Однажды марксистский князь давал обед в Кахетии. Белла сидела по правую руку князя-секретаря, принимая его льстивые речи, а на другом конце огромного стола сидел еще один москвичишко, так называемый поэт, пропахший ссаками сученок-сталинист. Желая тут потрафить кахетинцам и заслужить стакан на опохмелку, поэтишко привстал над коньяками и тост за Сталина как сына Сакартвело скрипучим голосом провозгласил. Гульба затихла и грузины смолкли, усы повесив, шевеля бровями, продажностью московского народа в который раз в душе поражены. Тогда над шашлыками и сациви вдруг Беллина туфля промчалась резво, великолепным попаданьем в рыло ничтожество навек посрамлено. Все пьем за Беллу, князь провозглашает, и весь актив, забыв про сталиниста, второй туфлей черпая цинандали, поплыл, врастая в пьяный коммунизм.
«Сны о Грузии» – самый внушительный сборник Ахмадулиной, том в 541 страницу, из них чуть ли не треть – переводы из Бараташвили, Галактиона Табидзе, Тициана Табидзе, Симона Чиковани, Отара Чиладзе… Среди карнавального шума сделана была серьезная и в высшем смысле профессиональная работа, иные стихи стали русскими шедеврами, сохранив свою грузинскость.
«Молитва во время бомбежки» Симона Чиковани читалась сотни раз с русских эстрад, и это всякий раз была общая молитва всего того, что живо еще в двух народах, в огромном одном и растерянном, и в другом, малом и гордом.

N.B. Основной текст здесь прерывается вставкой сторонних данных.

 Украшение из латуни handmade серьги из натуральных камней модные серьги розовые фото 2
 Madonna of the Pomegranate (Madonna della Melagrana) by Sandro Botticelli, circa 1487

Вот входит друг Отар Чиладзе со своим лицом индейца в какое-то малошикарное питейное заведение…
Он делит его, конечно, и с Беллой. Друзья обеих словесностей видят поэтов за колченогим столиком. Не в ту ли ночь Белла разглядела следующую фазу своей поэзии, о которой речь впереди.
Пока что в соответствии с законами неведомых гармоний начинается бриллиантовый период в карьере Ахмадулиной, в том смысле, что она становится своего рода «бриллиантом Империи». С ней происходит в принципе то же, что и со всеми поэтами «поэтической лихорадки». Ореолы противоречивости, непредсказуемости над головами Евтушенко и Вознесенского лысели с каждым годом, они становятся национальным советским достоянием, Окуджава из «хулигана с гитарой» (как его гвоздили газеты в 60-е годы) год за годом превращается в солидного литературного партийца, хоть и с либеральным душком. Белла – становится «звездой голубого экрана».

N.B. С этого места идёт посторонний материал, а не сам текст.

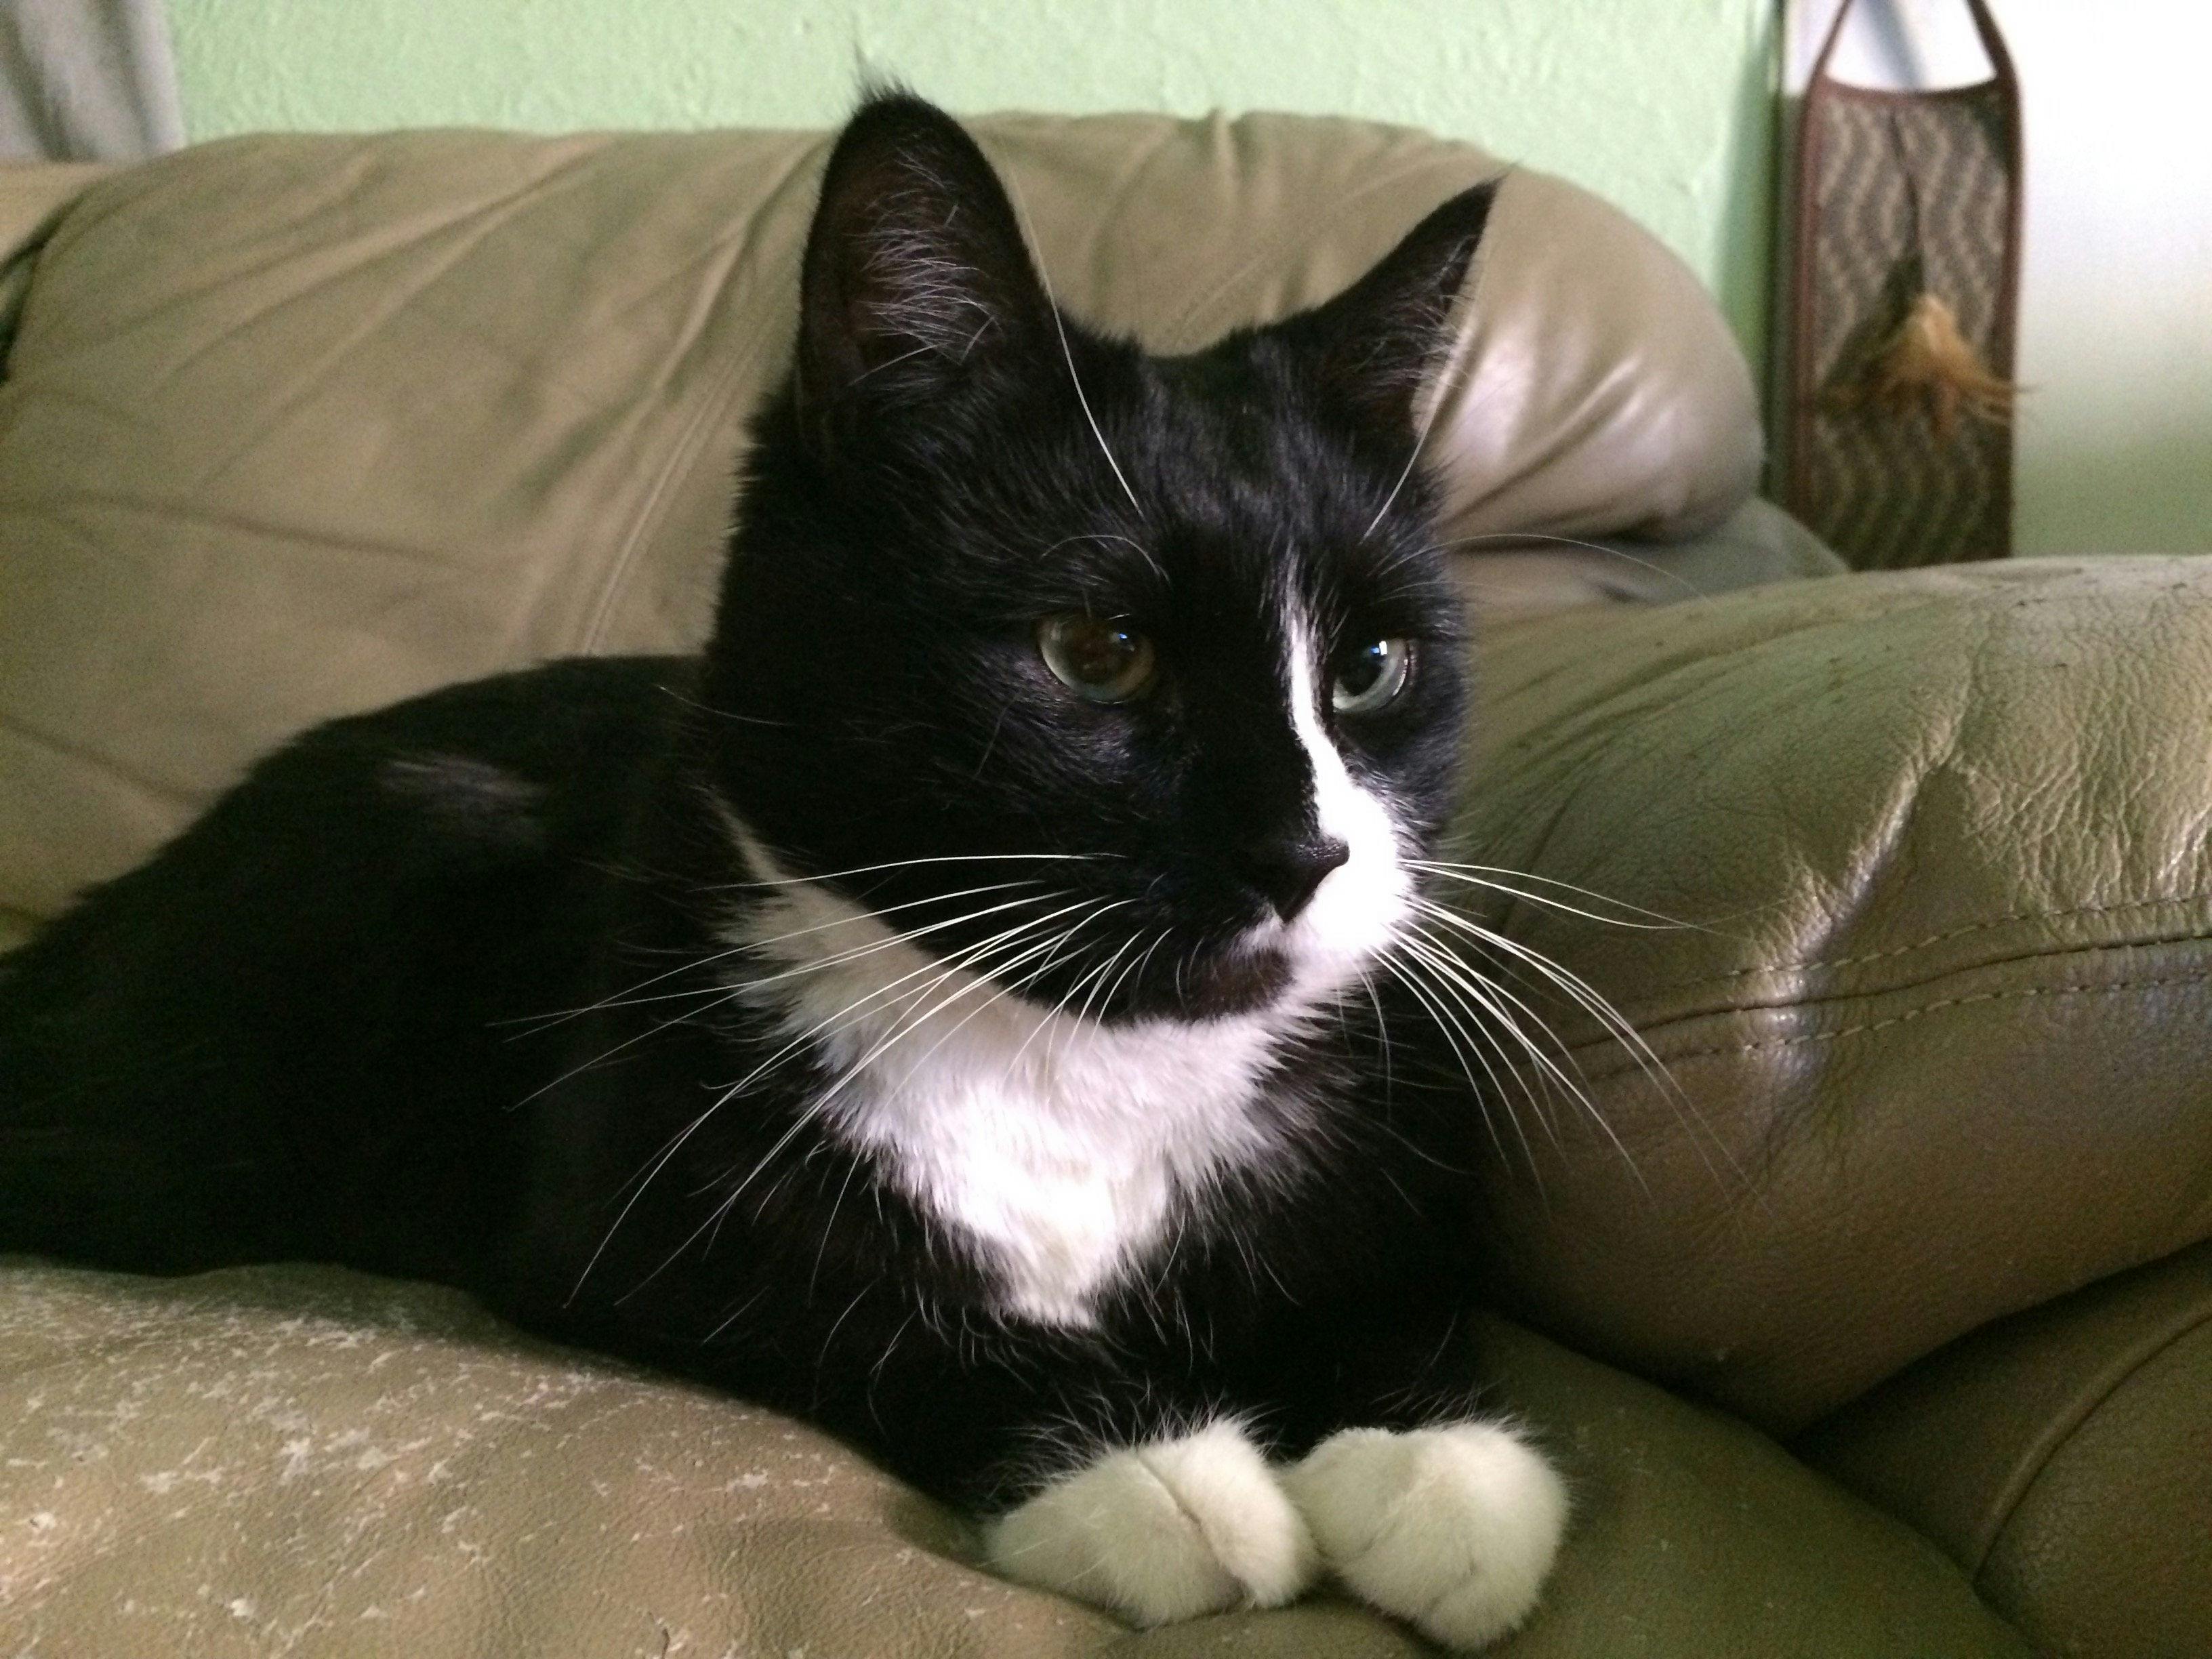 Basepaws Cat Story: Meet Our Little Lark

Едва ли не каждую неделю появлялась она перед миллионами «сограждан усталых», никогда не изменяя себе, не подхалимствуя власти, но только лишь делая вид, что власти этой, с ее страннейшей системой логики, просто нет на дворе. Есть мир красоты, как бы настаивала она, он существует, есть русская речь, прекрасные архаические обороты, есть белый снег и холмы Грузии, тени Пушкина и Лермонтова, жива убиенная вами Марина, День-Рафаэль встает над ровныя долины…
Быть может, власть эту, которая лишь только лестью и ложью жива, такая «позиция художника» и не устраивала, однако людей власти сама художница восхищала: так далеко зашли дела. Министр телевидения нередко снимал с полки томик Ахмадулиной и застывал в задумчивости, как мусульманин на намазе, жены гэбистов шептали строки ее стихов. Что ж, ведь нельзя ж и эту публику не делить, одним миром мазать. Помнится, в одной компании случилось быть nape-другой таких молодцов. Поднабравшись, стали выяснять, кто крупней по части человеческих качеств. Один сказал: я хоть и на государство работаю (так у них называется принадлежность к тайному ордену), а подлостей не делаю. Раз пять за вечер повторена была эта фраза.

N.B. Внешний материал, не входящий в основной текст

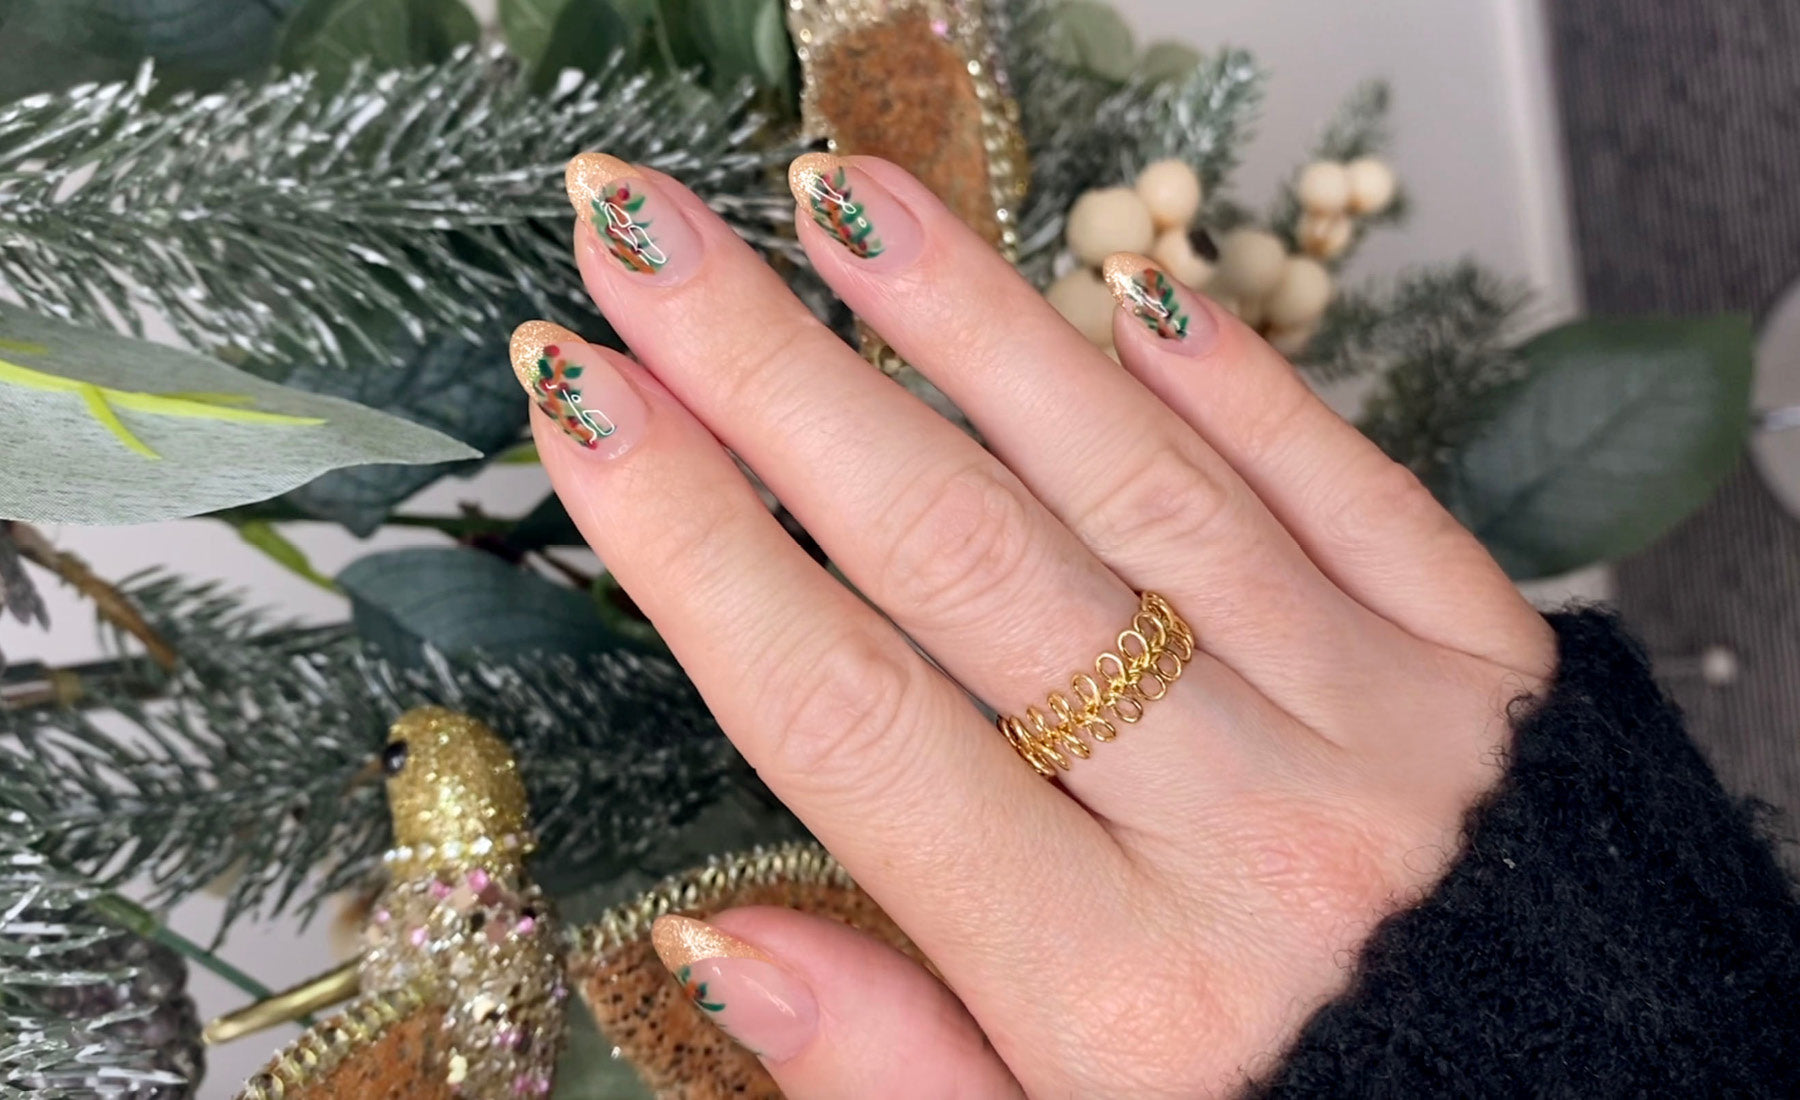 Glitter Tips Holly Gel Nail Art Design

Белла в этот период стала уподобляться антикварной мебели. В «домах» полагалось ее иметь – реставрируемое благородство. В какой-то степени она, будто герой из «Хулио Хуренито», как бы выписала себе справку о протекции государства в качестве памятника старины. Времена изменились, и уже не требовалось мандельштамовской «прививки от расстрела».